Thanks for all the posts.
Two things:
1) Perhaps the most painful thing about all this is the older stepdaughter who is staying at her birth father's mother (grandma) house. (The birth father has chosen, essentially, to not be a part of their lives, but his parents are). Several of you posted that she should study abroad, or at least get out and live a little and find their way. I wholehearted ly agreed and suggested the backpacking/Europe/hostel thing, and told her I'd match funds she earned for such an endeavor. She got excited for a day, then that was the end of it. The birth father works for an airline and she has flying privileges--FREE--to anywhere in the world. She never leaves, ever: works at the local fast food place and stays with the loser boyfriend (nice kid, but clingy and rudderless and insecure and never leaves her side). We've talked and talked to her about options,asked her what she wants, she tried the education major route at community college but bombed. (perhaps she did that to please me, dunno).

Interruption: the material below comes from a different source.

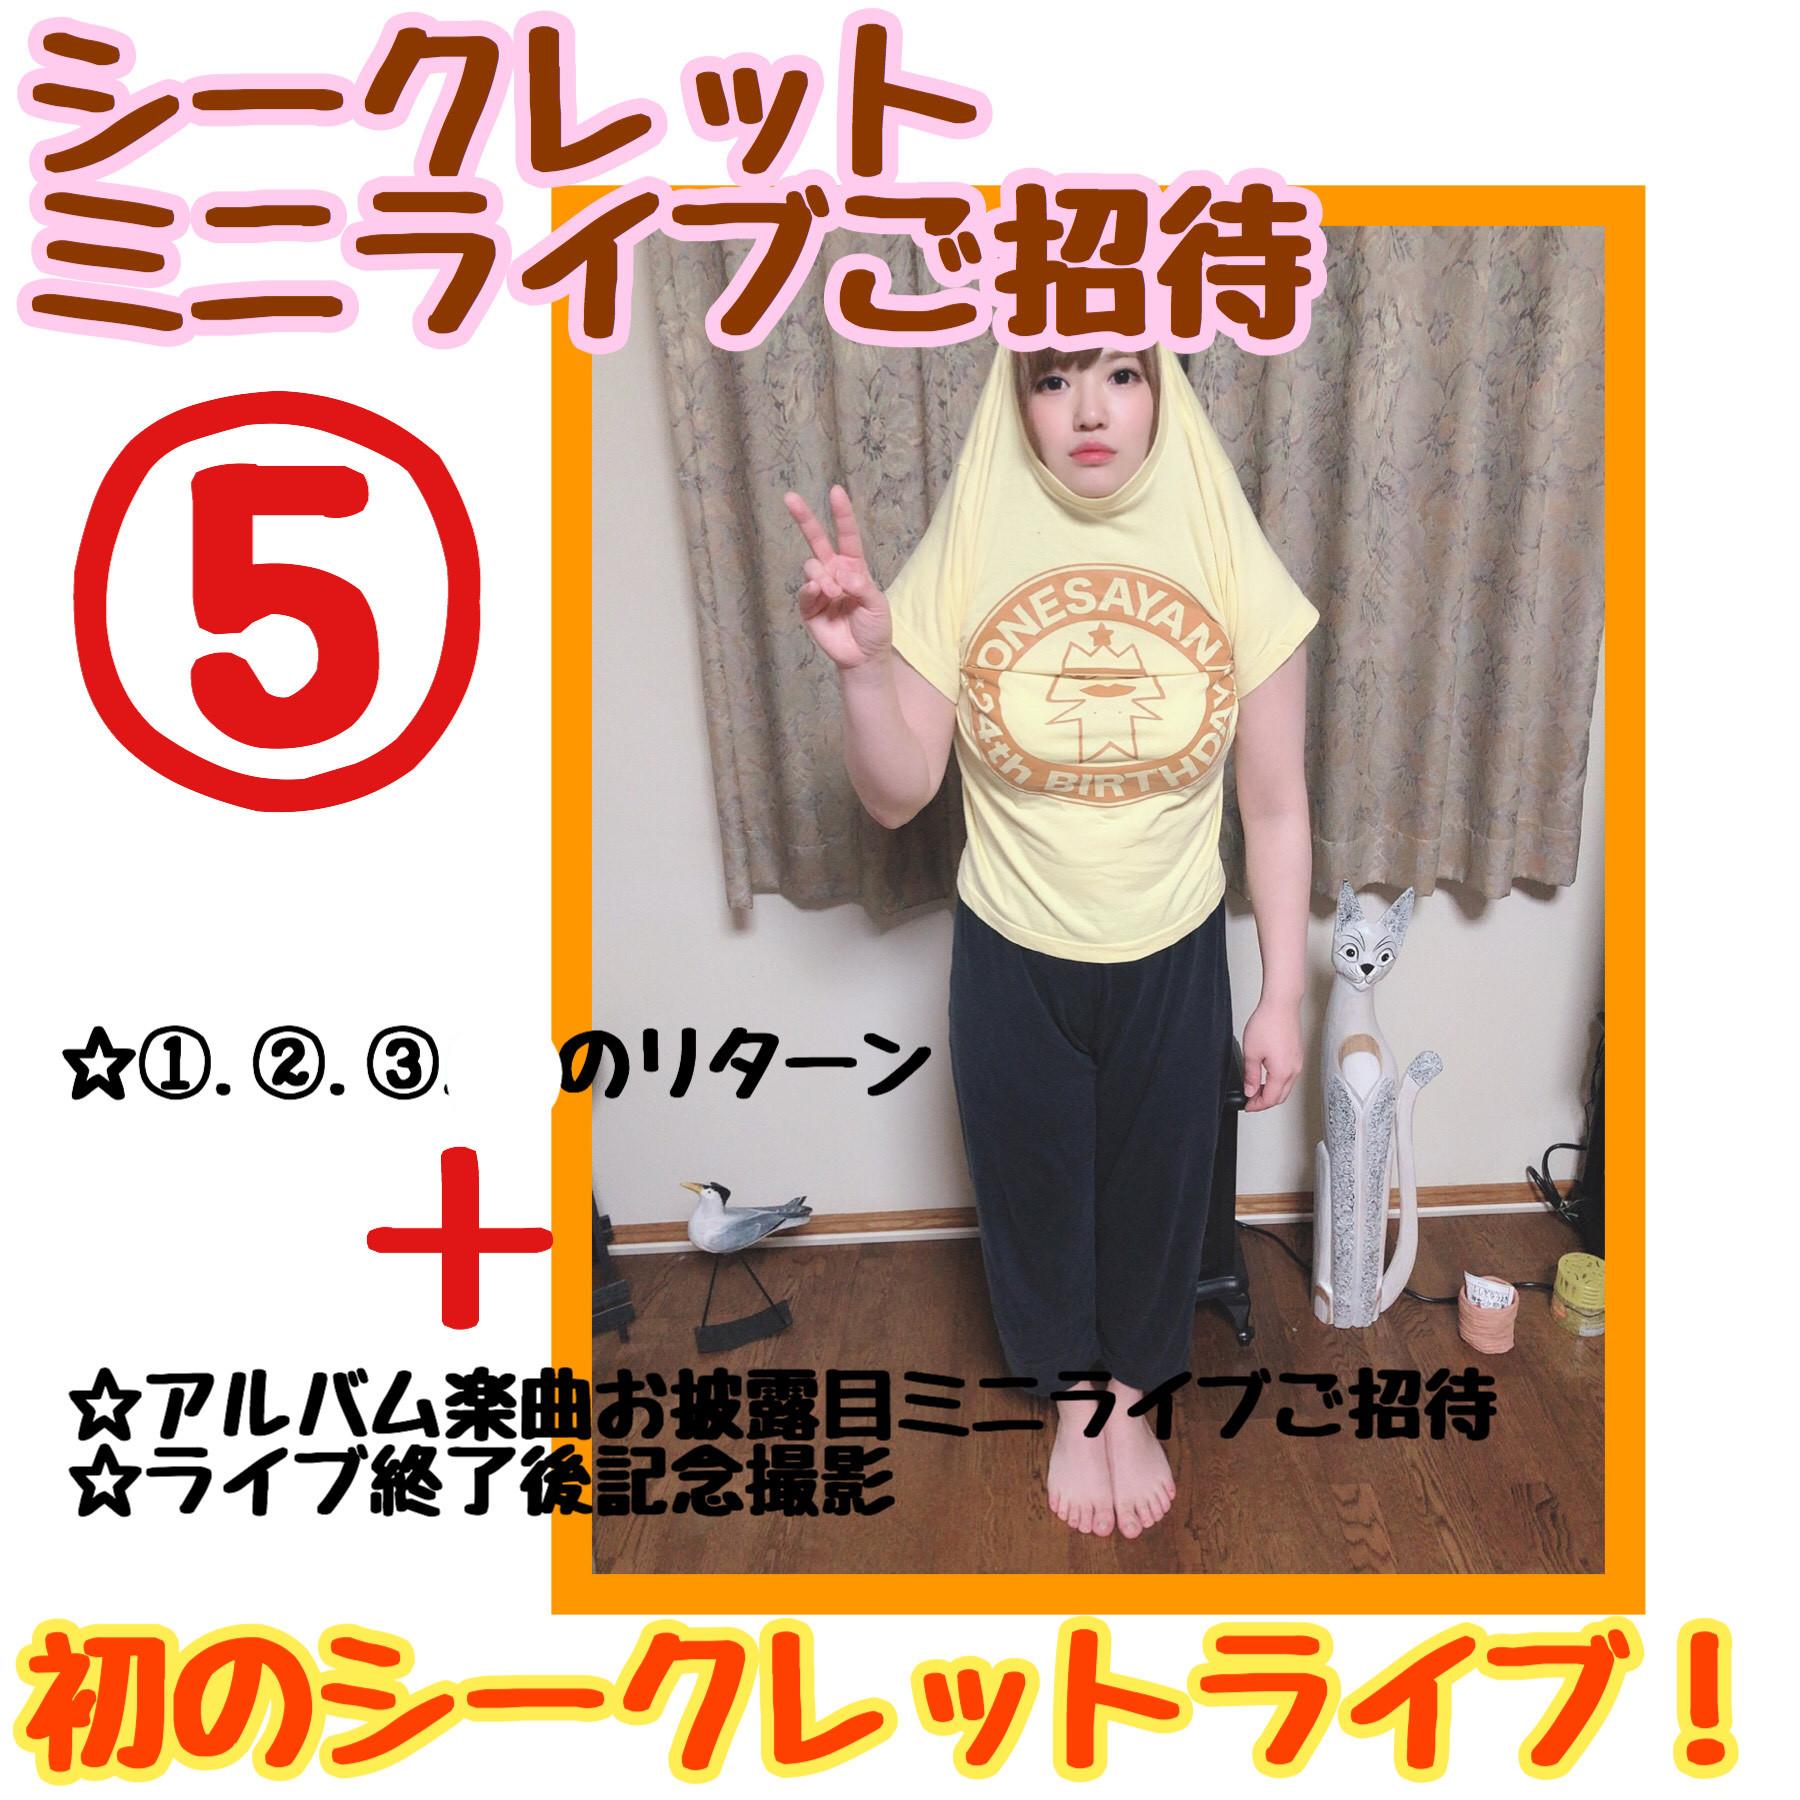 <アルバムお披露目シークレットミニライブプラン>

I guess, and this is perhaps the hardest thing to say, and I'm always confused as a stepfather about how and when and why....how long do I hold out hope for her? I know people say to let go, and I have (at least externally), but I've never seen a kid slide so far in two-three years. Honor student and outgoing to heavy, depressed, insecure and very closed-off. I will not intervene directly, but I fear (a very real concern, mind you) that to let her "find her own way" (as many of you suggest) may create life-changing situations that can never be repaired. Her 21st birthday is in three days. Any ideas for that day (other than keep my mouth shut while she feeds her loser boyfriend cake and ice cream and "pretends" we don't know she's not in college?
2) the money situation for us (I'm a teacher) is tight, so they haven't been handed everything. Just thought I'd put that out there.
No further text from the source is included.